Signal Processing
Recommended Reading: 【Signal Processing】 Signal Processing Theory Table of Contents
1. Overview
4. Filter
1. Overview
⑴ Definition
① Signal: Refers to a sequence {x(tn)} when t1, …, tn (e.g., time) are given.
② Signal Processing: Extracting information from a signal.
③ Signal Preprocessing: Refining a clean signal by removing noise or trend components from raw data.
⑵ Types of Signals
① Type 1. Continuous Signal: A signal where both t and x are continuous.
○ Storage, acquisition, and processing are extremely difficult.
○ Example: To store, acquire, and process the irrational number π, infinite capacity and time are required.
② Type 2. Discrete Signal: A signal where t is discrete, and x is continuous.

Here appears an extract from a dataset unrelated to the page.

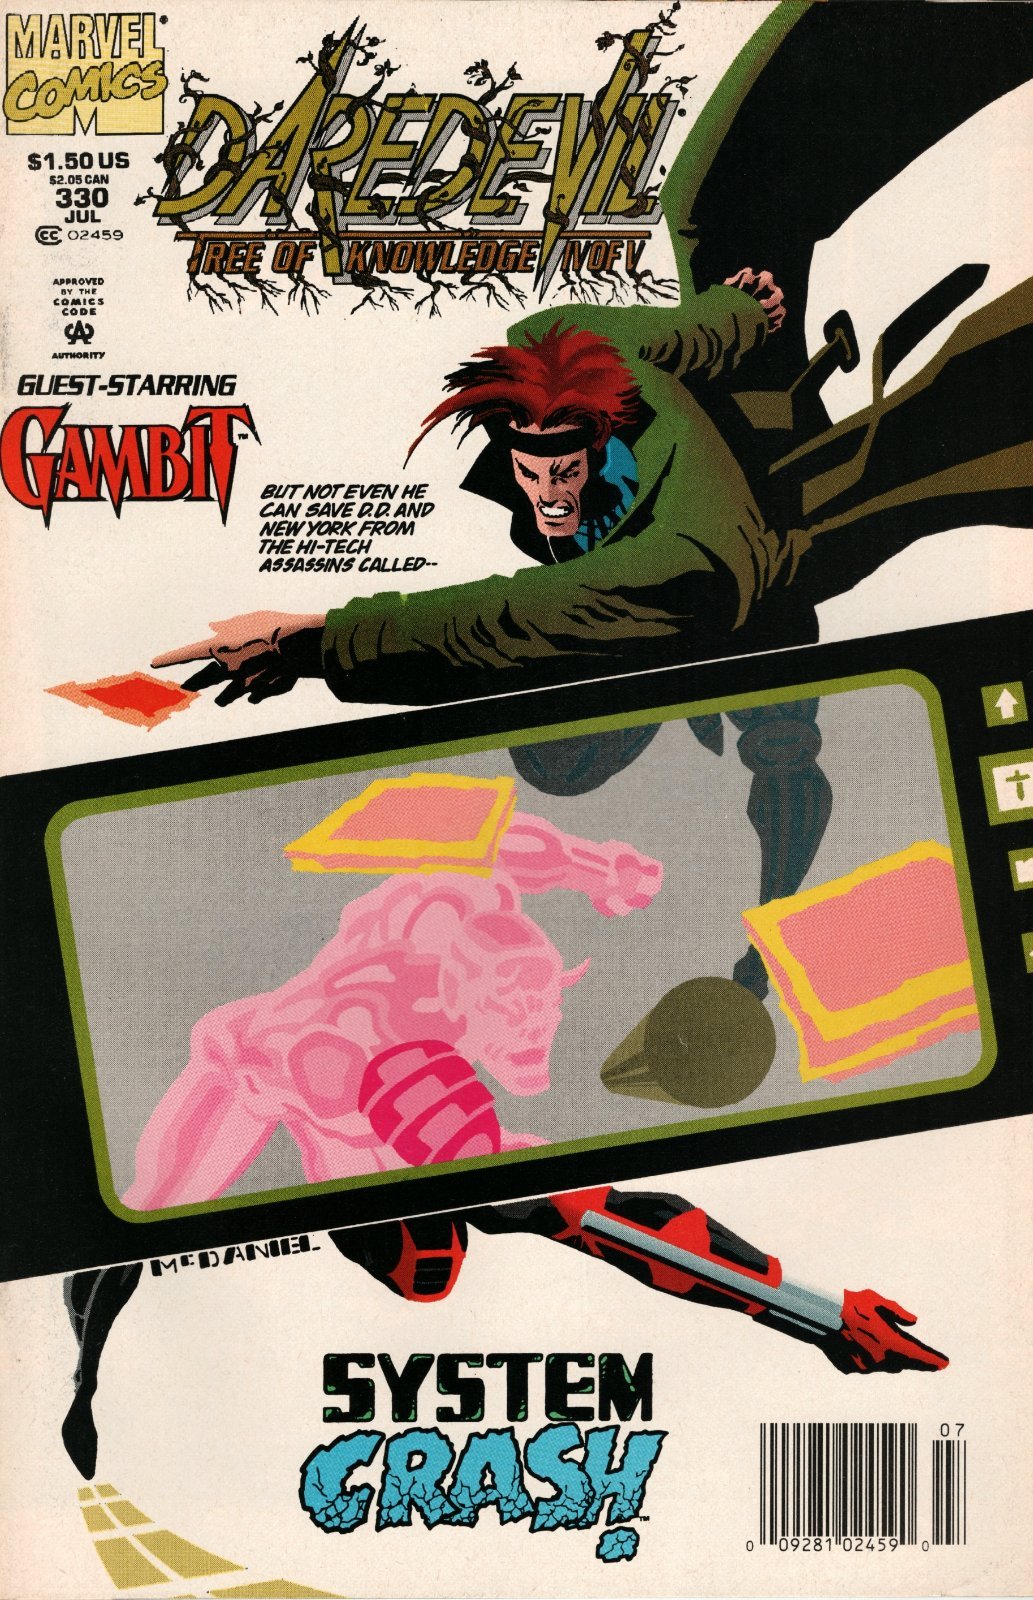 Daredevil #330 Newsstand Cover (1964-1998) Marvel

③ Type 3. Digital Signal: A signal where both t and x are discrete.
④ Sampling (digitization): Converting continuous signals into discrete signals.
⑤ Nyquist Theorem: If the sampling rate is more than twice the signal frequency, it can be sampled without aliasing error.
⑶ Signals can have more than two dimensions.
① 2D Signal: Defined as an image when the dimension of t is 2.
② 3D Signal: For example, coronary angiogram.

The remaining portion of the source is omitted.